FIG. 5 shows the subject working characteristics of a single protein marker ORM1 with areas under the curve (AUC) of 0.818, 0.783, 0.697 for the training set, the test set and the independent validation set, respectively, wherein train represents the training set, test represents the test set and valid represents the independent validation set; true positive rate (sensitivity) indicates a true positive rate (sensitivity), and False postive rate (1-specificity) indicates a false positive rate (1-specificity).
FIG. 6 shows the subject working characteristics of a single protein marker C9 with areas under the curves (AUC) of 0.875, 0.91, 0.81 for the training set, test set and independent validation set, respectively, where train represents the training set, test represents the test set, valid represents the independent validation set; true positive rate (sensitivity) indicates a true positive rate (sensitivity), and False postive rate (1-specificity) indicates a false positive rate (1-specificity).
FIG. 7 shows the subject operating characteristics of the single protein marker IGFBP2 with areas under the curve (AUC) of 0.728, 0.738, 0.737 for the training set, test set and independent validation set, respectively, where train represents the training set, test represents the test set, and valid represents the independent validation set; true positive rate (sensitivity) indicates a true positive rate (sensitivity), and False postive rate (1-specificity) indicates a false positive rate (1-specificity).

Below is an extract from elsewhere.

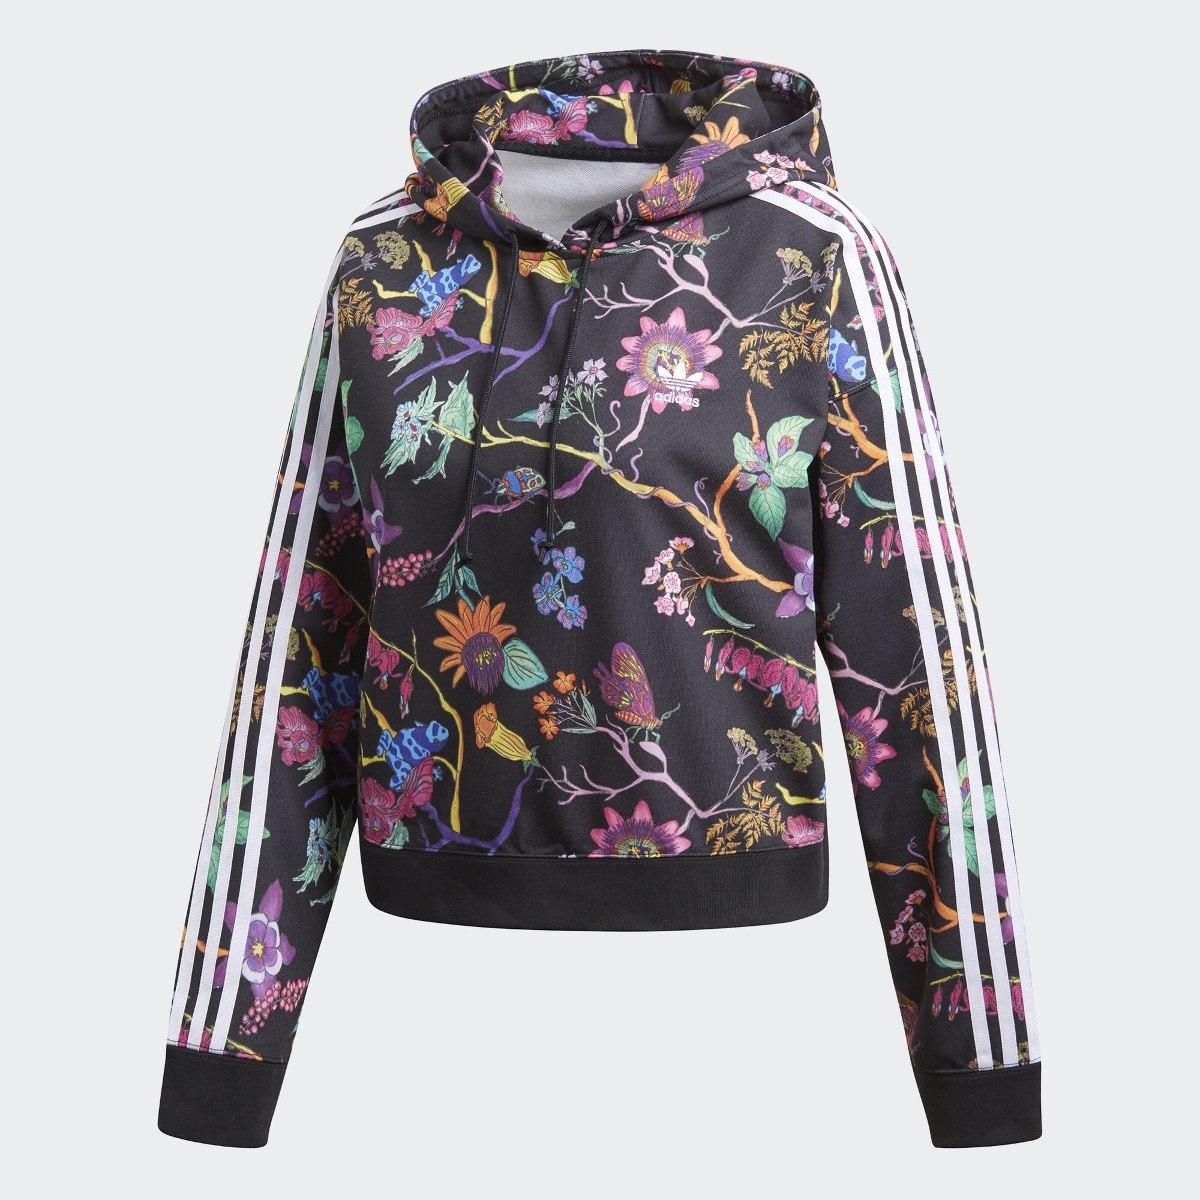 Originals Gratis Envío Sudadera 00 Adidas 300 Original Dt8292 1 g5ffAnqwU
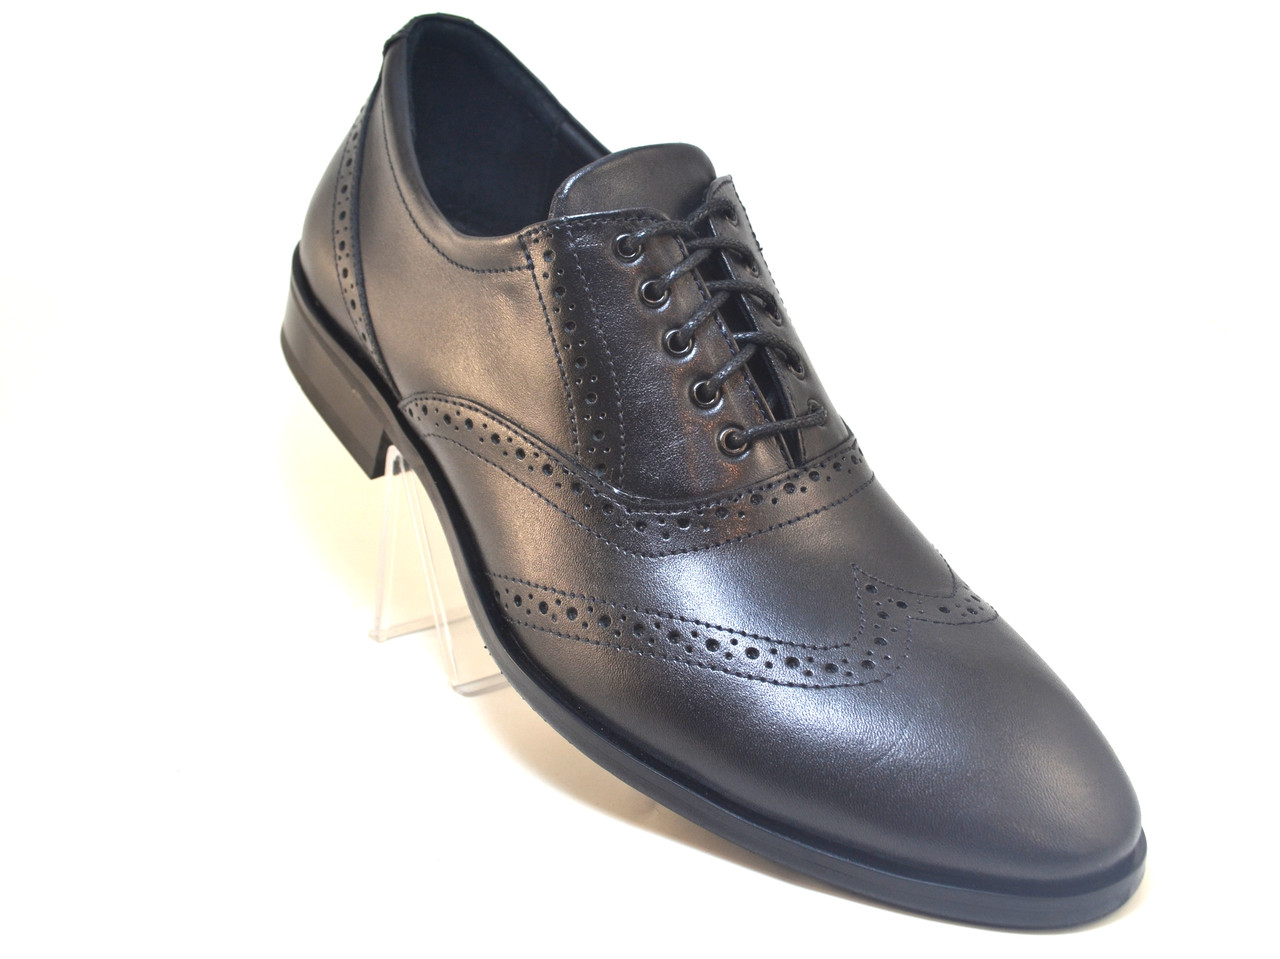 мужские туфли на каблуке фото

FIG. 8 shows a subject working profile for 5 protein marker combinations with areas under the profile (AUC) of 0.956, 0.954, 0.893 for the training set, test set and independent validation set, respectively, where train represents the training set, test represents the test set, valid represents the independent validation set; true positive rate (sensitivity) indicates a true positive rate (sensitivity), and False postive rate (1-specificity) indicates a false positive rate (1-specificity).
Figure 9 shows a confusion matrix of 5 protein marker combinations, with 121 colorectal cancer patients and 186 healthy individuals. 1 indicates positive, and 0 indicates negative. Wherein train represents a training set, test represents a test set, and valid represents an independent verification set; truth represents reality and Prediction represents Prediction.
Detailed Description
Unless otherwise indicated, implied from the context, or common denominator in the art, all parts and percentages in the present application are based on weight and the test and characterization methods used are synchronized with the filing date of the present application. Where applicable, the disclosure of any patent, patent application, or publication referred to in this application is incorporated by reference in its entirety, and the equivalent patents to those cited in this application are incorporated by reference, particularly as if they were set forth in the relevant terms of art. If the definition of a particular term disclosed in the prior art is inconsistent with any definition provided in the present application, the definition of the term provided in the present application controls.
The numerical ranges in the present application are approximations, so that it may include the numerical values outside the range unless otherwise indicated. The numerical range includes all values from the lower value to the upper value that increase by 1 unit, provided that there is a spacing of at least 2 units between any lower value and any higher value. For ranges containing values less than 1 or containing fractions greater than 1 (e.g., 1.1,1.5, etc.), then 1 unit is suitably considered to be 0.0001,0.001,0.01, or 0.1. For a range containing units of less than 10 (e.g., 1 to 5), 1 unit is generally considered to be 0.1. These are merely specific examples of what is intended to be provided, and all possible combinations of numerical values between the lowest value and the highest value enumerated are to be considered to be expressly stated in this disclosure.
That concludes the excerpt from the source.